Cos'è un impianto fotovoltaico?

L'impianto fotovoltaico è un sistema che sfrutta le radiazioni solari per generare corrente elettrica continua tramite l'effetto fotovoltaico. Trasformata in corrente alternata, tramite un inverter, può essere utilizzata per alimentare gli apparecchi elettrici della nostra casa (lavastoviglie, scaldabagno, forno elettrico, tv, aspirapolvere).

L'impianto fotovoltaico è costituito da piccole celle fotovoltaiche, realizzate in silicio amorfo, mono o policristallino, caratterizzate da piccole strisce argentate sulla superficie, ovvero i contatti chimici per la connessione in serie di più celle, atte a formare un modulo fotovoltaico. E' proprio l'unione di più moduli a formare l'impianto fotovoltaico. Per maggiori informazioni leggi anche l'articolo informativo su cosa sono gli impianti fotovoltaici?

                               

 (1. Cella fotovoltaica  2. Celle con contatti chimici: modulo fotovoltaico  3. Impianto fotovoltaico)

         (Esempio di impianto fotovoltaico su un'abitazione soggetta a riqualificazione energetica)

              (Esempio di installazione di un impianto fotovoltaico su un'abitazione standard)

   (Straordinario esempio di impianto fotovoltaico completamente integrato nell'edificio: auditorium)

Con l'installazione di un impianto fotovoltaico posso dimenticarmi della rete elettrica?

La risposta è no. Il pannello fotovoltaico o modulo fotovoltaico è, si, un sistema ecosostenibile per generare corrente elettrica dalle radiazione solari, ma questa viene assorbita solo per il 6/15 %, e non sempre la corrente generata è in grado di soddisfare completamente il fabbisogno energetico.

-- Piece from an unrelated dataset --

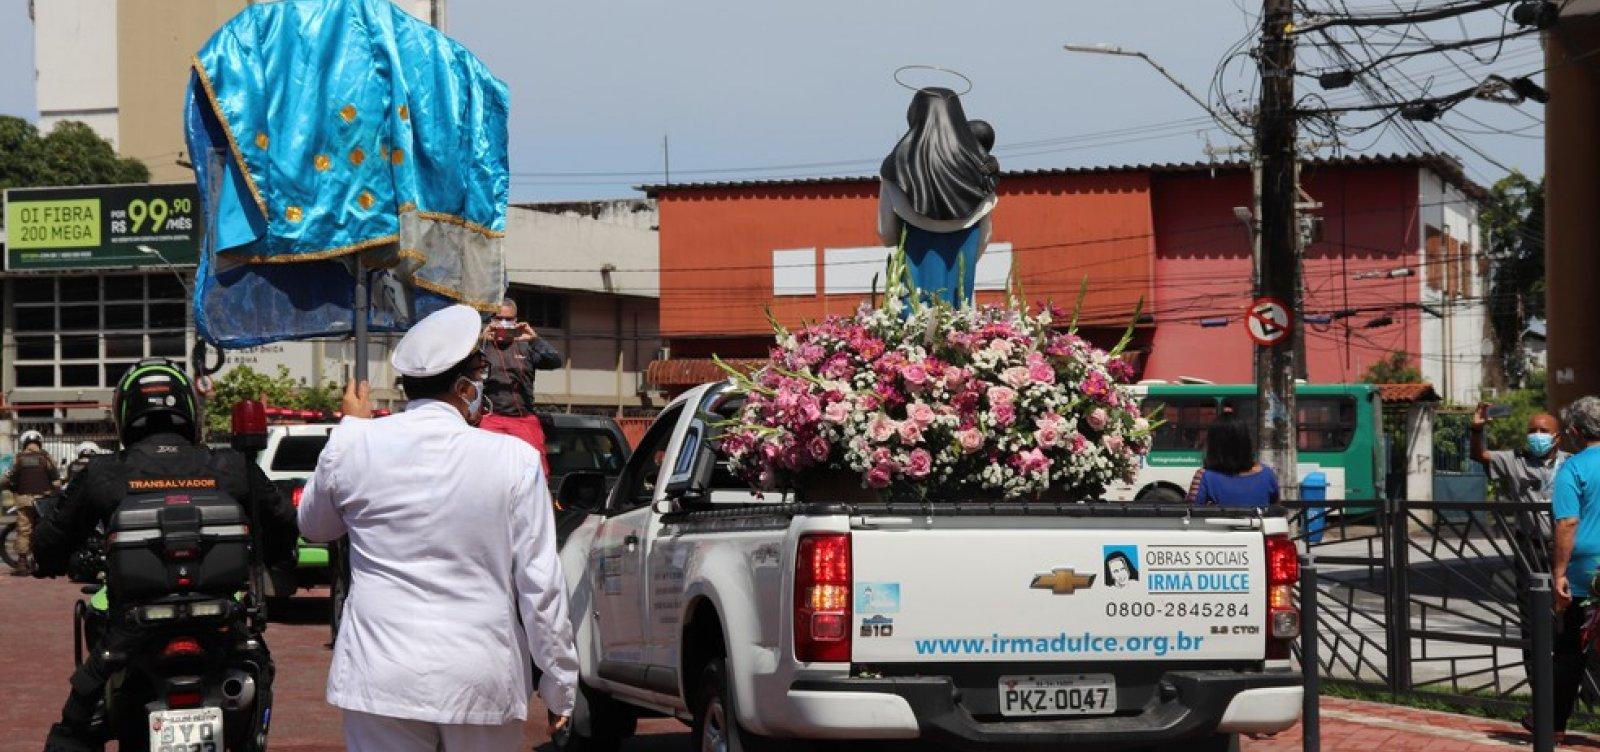 [Sem cortejo dos fiéis, imagem de Santa Dulce dos Pobres percorre ruas de Salvador]

Cosa sono i pannelli fotovoltaici monocristallini, policristallini, in silicio amorfo o in film sottile?

  • I pannelli fotovoltaici monocristallini sono costituiti da celle omogenee di silicio, tagliate da lingotti estratti in natura. Questa tipologia presenta un costo più elevato, in quanto, il silicio si trova in natura in quantità elevate, ma non allo stato libero;
  • i pannelli fotovoltaici policristallini sono, invece, generati dagli scarti del taglio dei lingotti monocristallini. E' un silicio meno omogeneo, ma di prestazioni simili e di costo contenuto;
  • i pannelli fotovoltaici in Film Sottile sono costruiti con strati sottili di silicio che ne abbattono i costi, trovano una vasta applicazione sulle superfici flessibili e sono particolarmente adatti all'integrazione architettonica o negli edifici soggetti a restrizioni o vincoli ambientali;
  • i pannelli in silicio amorfo sono costituiti da una lastra trasparente di silicio amorfo (privo di struttura) trattato chimicamente per aumentare la conducibilità. Per questo motivo, sono la soluzione più economica tra i pannelli fotovoltaici, ma presentano un basso rendimento termico.

   

(Pannello in Silicio monocristallino)              
   

            (Pannello in Silicio Policristallino)

   

         (Pannello in Thin-sottile)    

  

           (Pannello in Silicio amorfo)

Cosa sono i moduli a concentrazione?

Un impianto solare fotovoltaico a concentrazione non presuppone un funzionamento tramite l'effetto fotovoltaico, ma la radiazione solare viene utilizzata per riscaldare un fluido termovettore, come gas, olio minerale, sali fusi, etc., producendo a sua volta energia meccanica e in seguito energia elettrica.   

Il modulo fotovoltaico a concentrazione "concentra", dunque, la radiazione solare su un numero ridotto di celle, la quale non cade direttamente su di queste, ma su sistemi ottici che ne moltiplicano l'intensità, abbattendo, in questo modo i costi della produzione e lavorazione del silicio: il sistema ottico più utilizzato è la lente di Fresnel, simile a quella utilizzata nei fari delle nostre auto.

                          (Prototipo di impianto fotovoltaico con pannelli a concentrazione)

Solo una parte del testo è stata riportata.